AB 2476 (Daly) C.A.R.’s parcel tax vote notification bill, was signed into law by the Governor. Under current law, resident property owners receive notice of proposed parcel taxes with receipt of their ballot pamphlet while non-resident property owners do not receive any notice whatsoever. This bill requires notice of a parcel tax to be given to non-resident property owners after it has been approved.

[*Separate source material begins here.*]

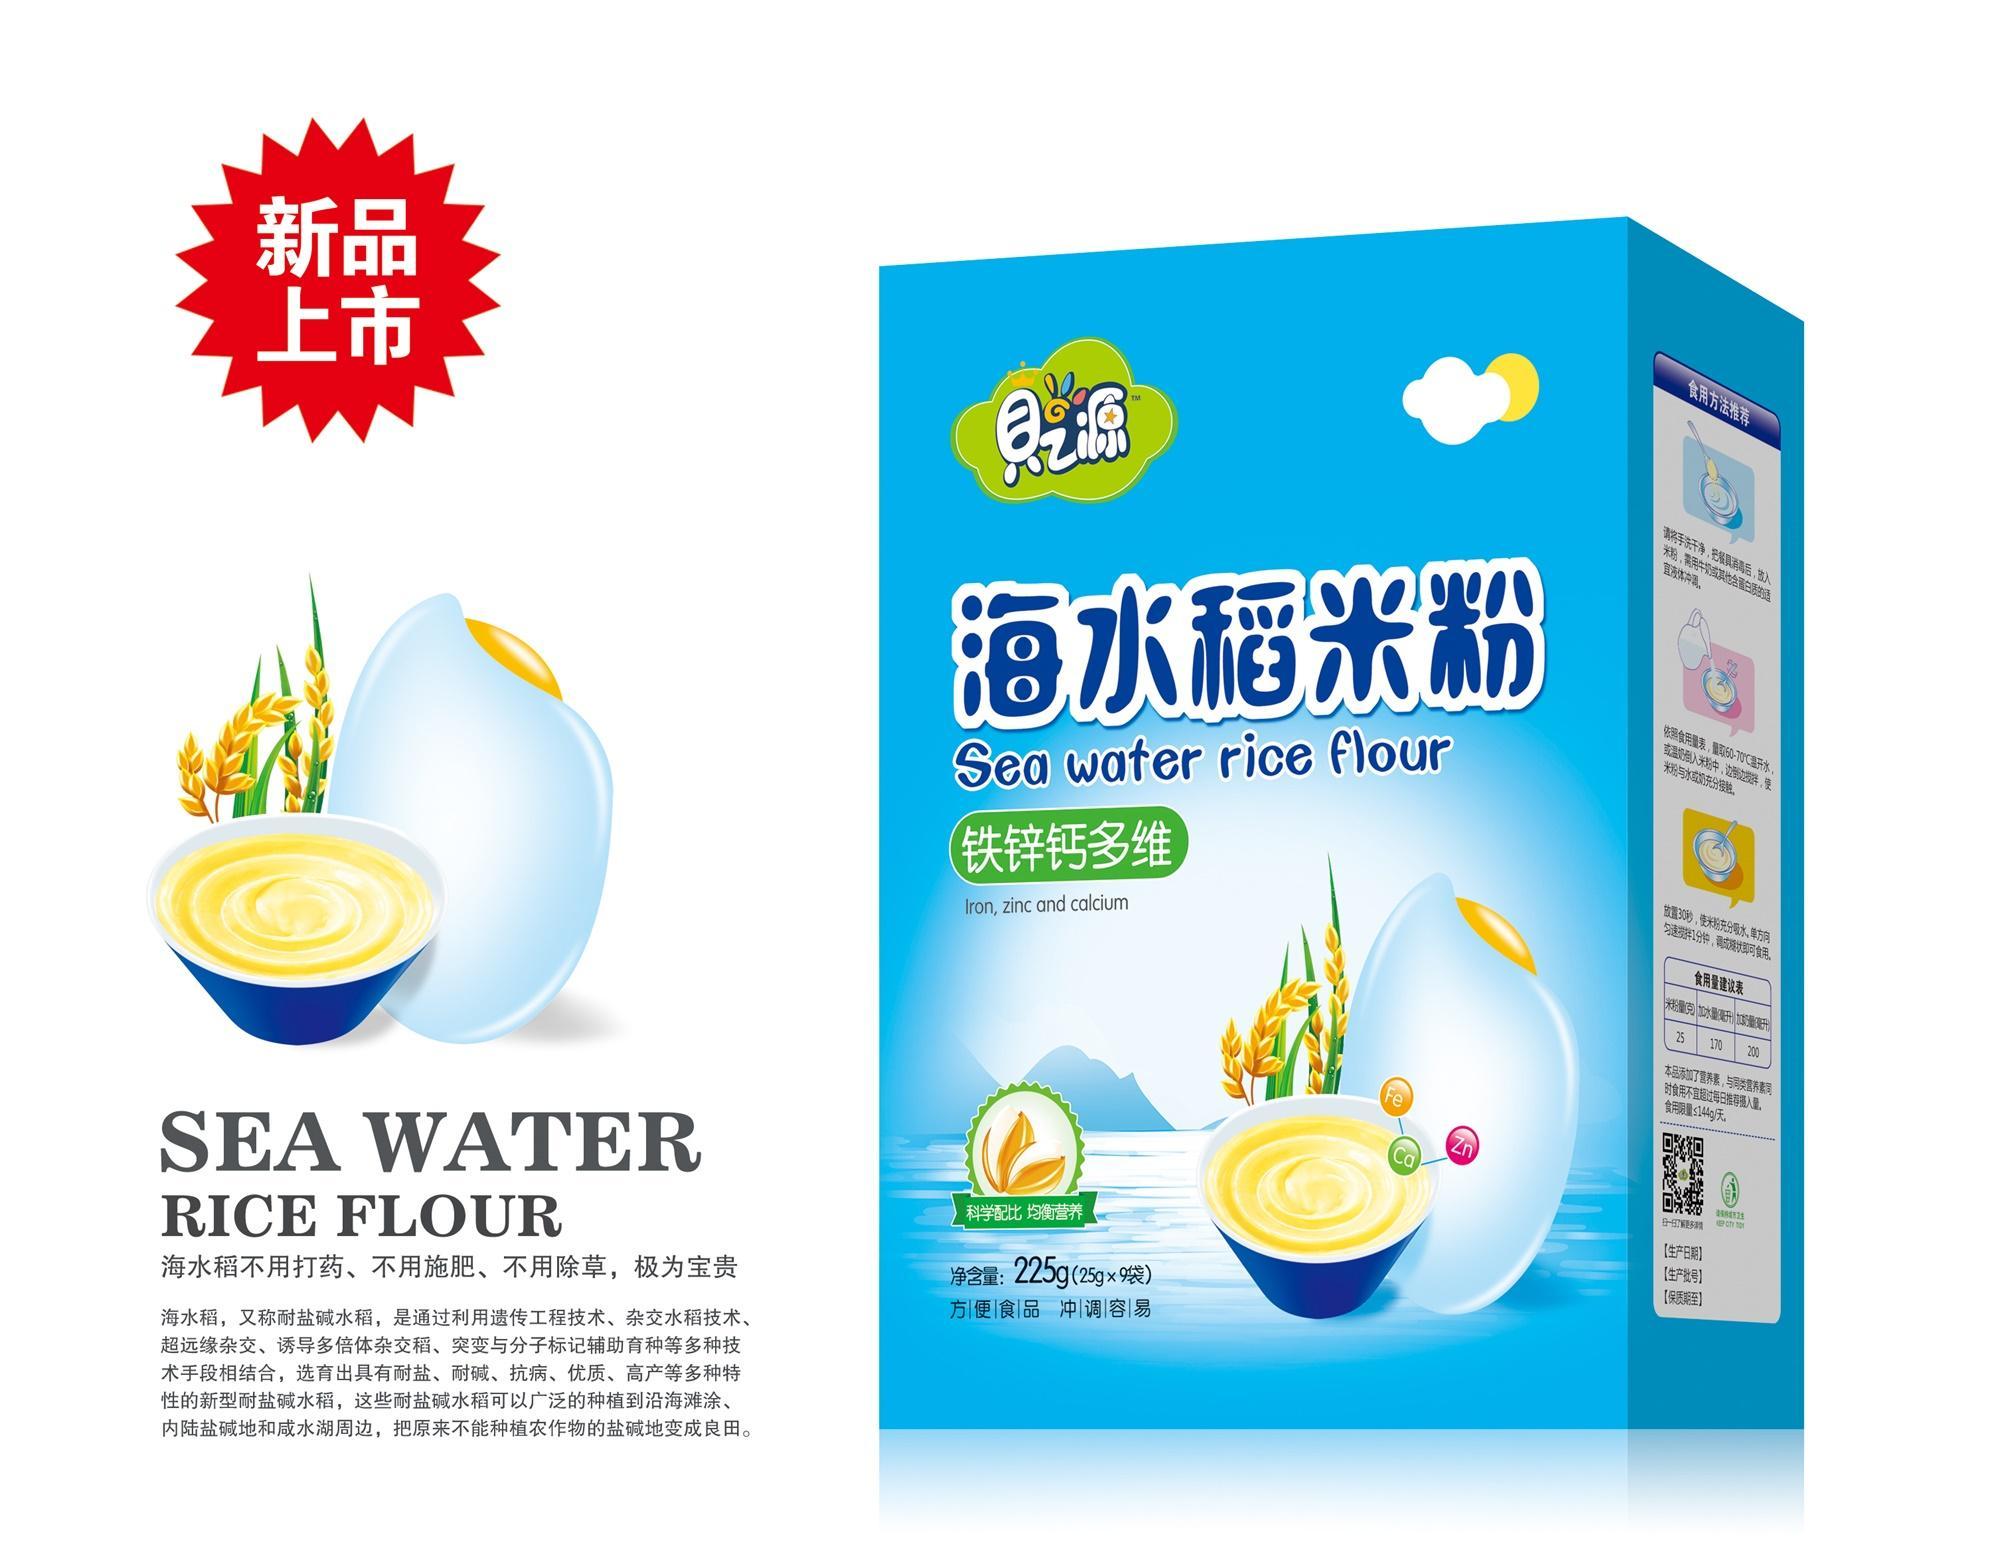 铁锌钙多维海水稻米粉招商

AB 2502 (Mullin and Chiu), a rent control bill opposed by C.A.R., failed passage. Under the 1995 C.A.R.-sponsored Costa-Hawkins Act, new construction is exempt from rent control. AB 2502 would effectively repeal the new construction exemption by allowing local governments to impose inclusionary zoning as a condition of development. This would require a new housing developer to include "below market" residential units in their development plans and eliminate any incentive for local government officials to negotiate new construction requirements with representatives of housing developers.
AB 2693 (Dababneh), C.A.R.’s Property Assessed Clean Energy (PACE) loans bill, was approved by the Legislature and sent to the Governor for signature. Existing law requires home loans to be accompanied by the Truth in lending RESPA Integrated Disclosure (TRID), which is intended to allow an "apples to apples" comparison shopping of various loan products. However, PACE transactions are technically not loans and are not required to be accompanied by a TRID disclosure. Current law gives delinquent PACE assessments “super-priority” status, as part of the tax bill, over other recorded obligations; lenders require these “super liens” to be paid off before any new financing can be obtained. This measure will require a TRID-like disclosure be provided to a property owner participating in a PACE program, a 3 day right of rescission, and a notice that the property owner may not be able to refinance or sell without paying off the PACE "loan.”
SB 710 (Galgiani), C.A.R.’s team advertising cleanup bill, was signed into law by the Governor. Existing law establishes clear advertising standards for real estate licensees using “team names” and defines “responsible broker’s identity” (i.e., company name) for advertising purposes. SB 710 will correct a drafting error that required the listing of a company name and a responsible broker’s license number on all “team” advertising. To correct that error, this bill requires the company name or both the company name and number to be listed.
SB 1053 (Leno), a mandatory Section 8 bill opposed by C.A.R., failed passage. This bill expands the state’s “source of income” definition in the Unruh Civil Rights Act (California’s version of the Fair Housing Act) to include all federal, state and local housing subsidy and assistance programs, effectively making Section 8 and other housing and public assistance programs mandatory imposing onerous and expensive inspection standards on rental property owners.